Jalanan menuju Mina dipenuhi lautan manusia dari berbagai negara—dari Afrika, Asia, dan Timur Tengah—semuanya menempuh perjalanan darat karena kendaraan tidak bisa masuk. Di tengah-tengah kerumunan, ada kursi roda terombang-ambing tanpa bantuan, dan beberapa jemaah terlihat terdorong hingga jatuh.
“Pos air minum memang ada dan sangat membantu. Tapi tetap saja fisik kami terkuras habis. Semua sedang berusaha bertahan masing-masing,” tuturnya.
Tenda Penuh, Lansia Terlantar
Namun setibanya di Mina, Rifqi dan rombongannya justru menghadapi kenyataan lain yang menyayat hati. Tenda-tenda penuh. Banyak lansia dan perempuan yang tidak mendapat tempat beristirahat.
“Terpaksa keruntelan, dua kasur untuk tiga orang. Bahkan tenda perempuan bercampur dengan laki-laki,” katanya prihatin.

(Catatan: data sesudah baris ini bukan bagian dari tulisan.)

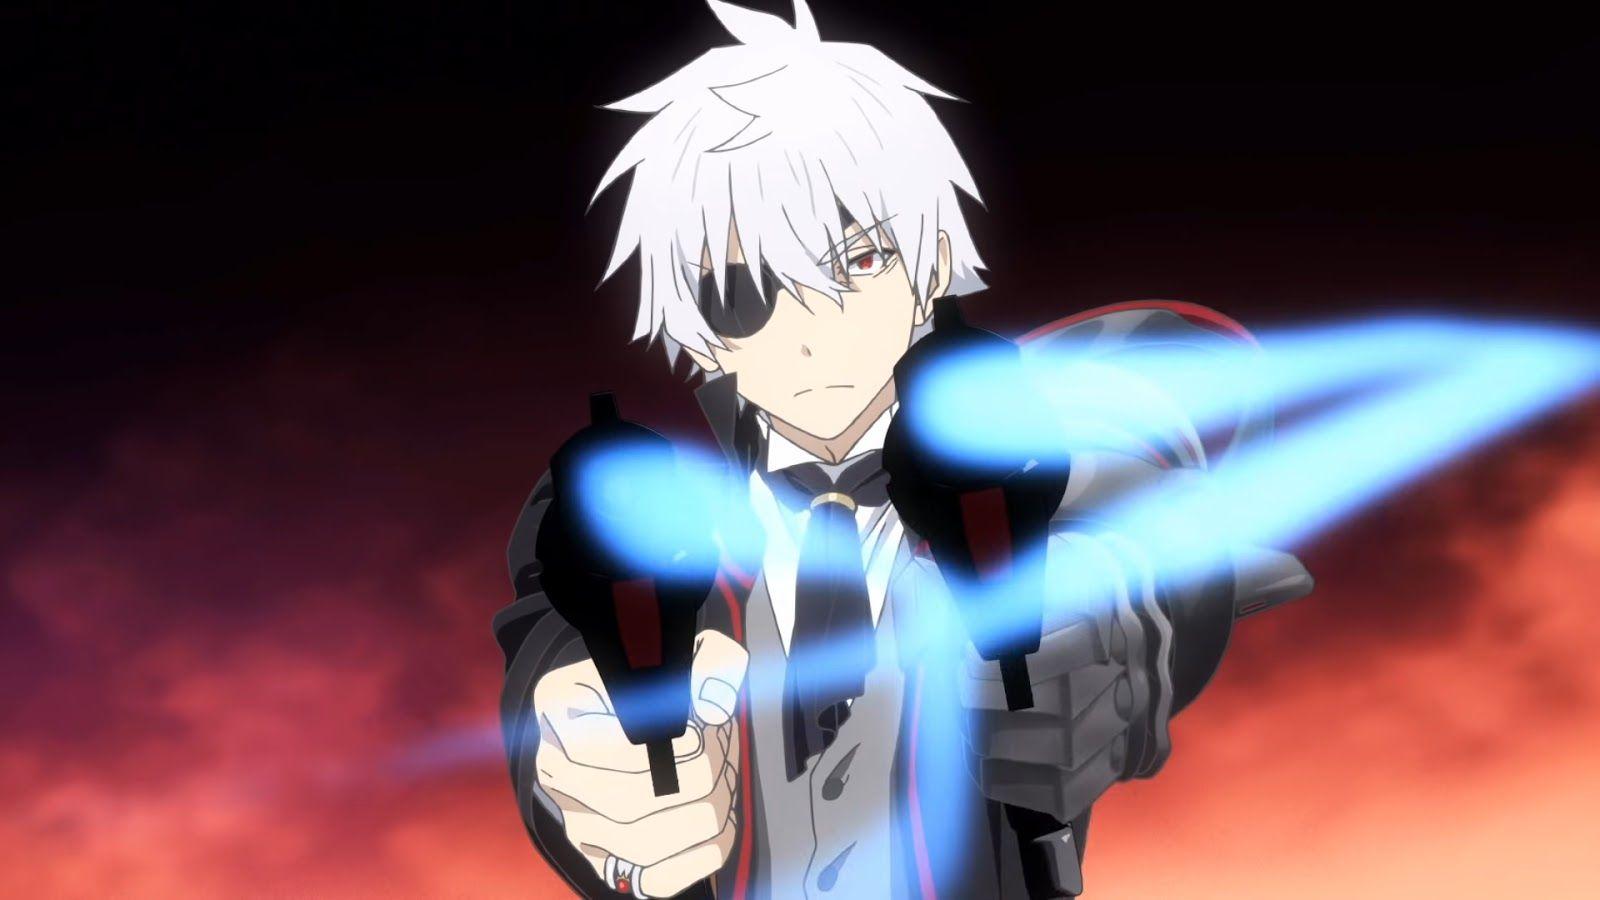 Pin On Anime News 1

Menurutnya, pengaturan tenda di Mina jauh dari rapi dibanding di Arafah, meskipun mereka sudah sesuai kloter.
Distribusi makanan pun mengalami kendala. “Yang nggak kebagian tenda, nggak kebagian makan. Sistem distribusinya berdasarkan jumlah dalam tenda,” tambah Rifqi.

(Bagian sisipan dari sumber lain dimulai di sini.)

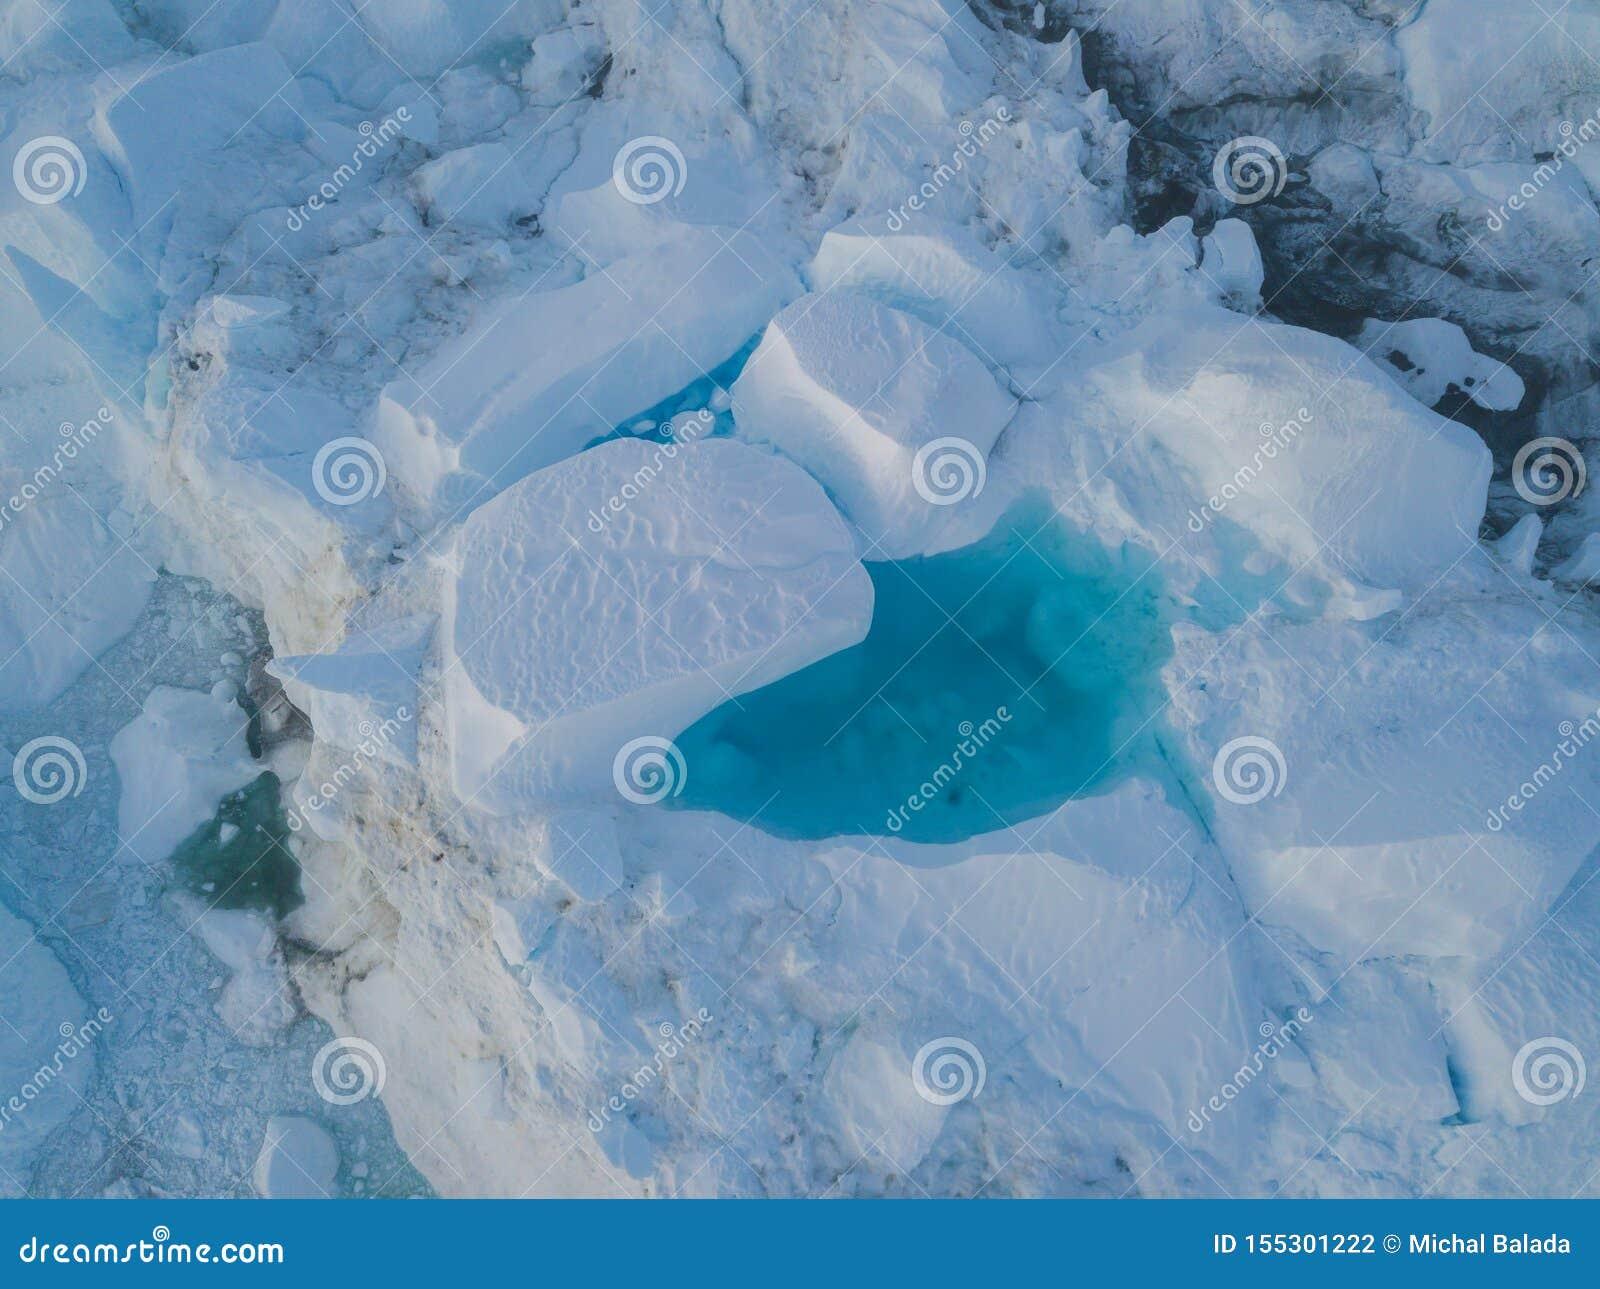 Draufsicht des Eisbergbrummenluftbildes - Klimawandel und globale Erwärmung Eisberge von schmelzendem Gletscher im icefjord in Il

Meski begitu, ia mengapresiasi adanya perbaikan dalam penyediaan konsumsi. Namun ia menegaskan bahwa transportasi dan akomodasi adalah masalah utama yang perlu dievaluasi.
Perlu Evaluasi Serius
“Apa yang kami alami pasti dirasakan ribuan jemaah lain. Haji ini ibadah suci, sakral. Tapi kami merasa tidak mendapat informasi utuh. Banyak yang hanya bisa menebak-nebak kapan bus datang atau harus ke mana. Kami sudah lelah, tapi tetap harus lempar jumrah sore harinya,” ucap Rifqi.

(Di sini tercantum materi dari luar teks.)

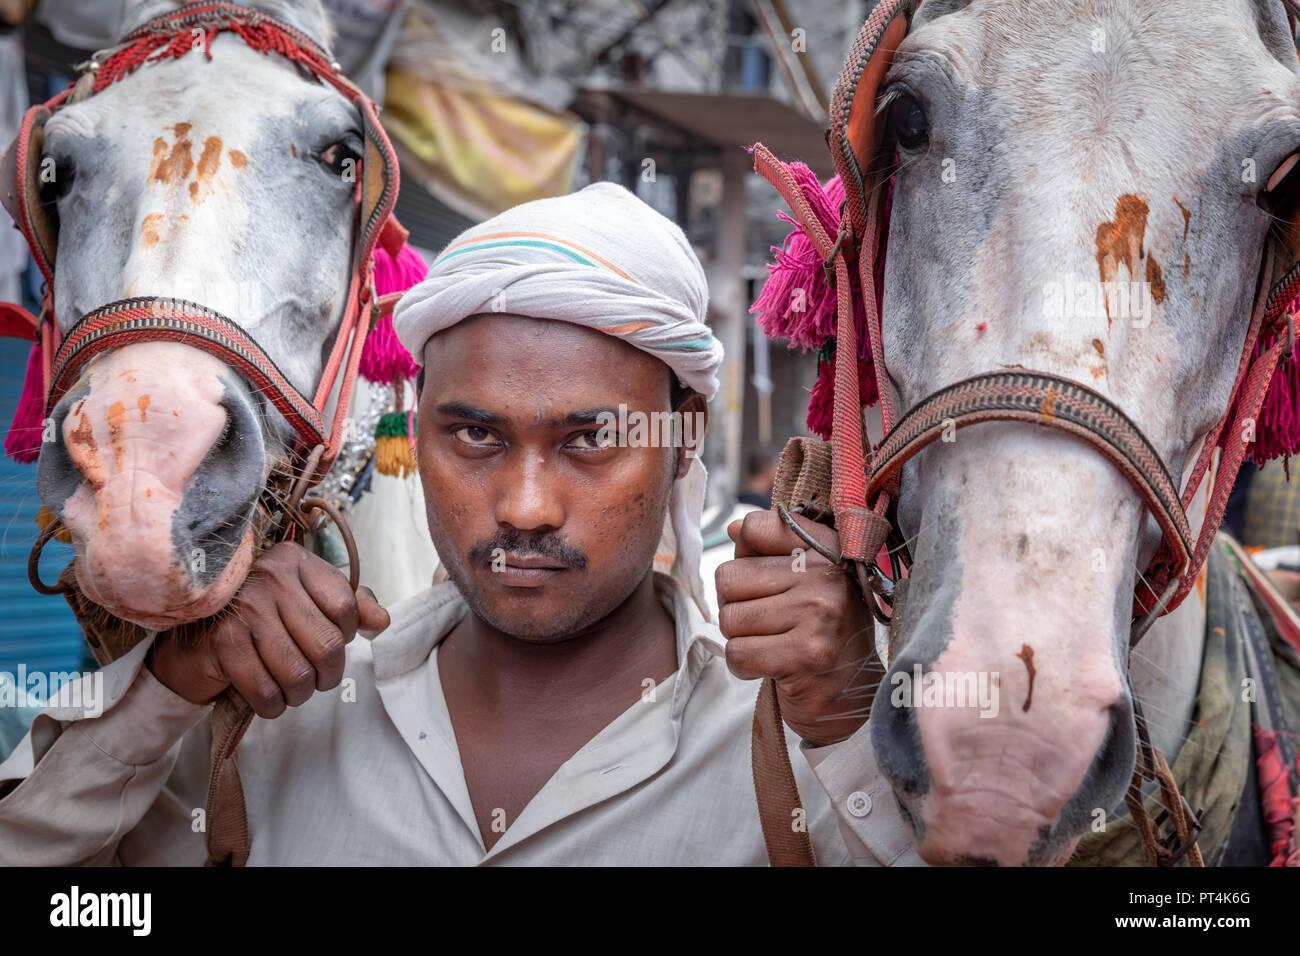 Nukra Horse Images, Stock Photos & Vectors | Shutterstock

Sementara itu, anggota Timwas Haji DPR RI, Selly Andriany Gantina, menambahkan bahwa penyebab utama kepadatan di Mina adalah pembatalan program tanazul oleh otoritas Arab Saudi untuk sekitar 37 ribu jemaah.
Padahal, program tersebut diperuntukkan bagi lansia dan jemaah risiko tinggi agar bisa lebih dulu kembali ke Mekkah. Ketika program itu batal, kepadatan tidak bisa dihindari. Banyak lansia harus berebut tenda dengan jemaah reguler lainnya.
“Tim kesehatan harus siaga. Banyak jemaah kelelahan setelah berjalan dari Muzdalifah dan tidak mendapatkan tempat istirahat layak,” kata Selly.
Ia juga menegaskan bahwa layanan dasar—seperti tenda, makan, dan kesehatan—harus tetap disediakan secara adil bagi semua jemaah, meskipun terjadi gangguan teknis atau pembatalan kebijakan.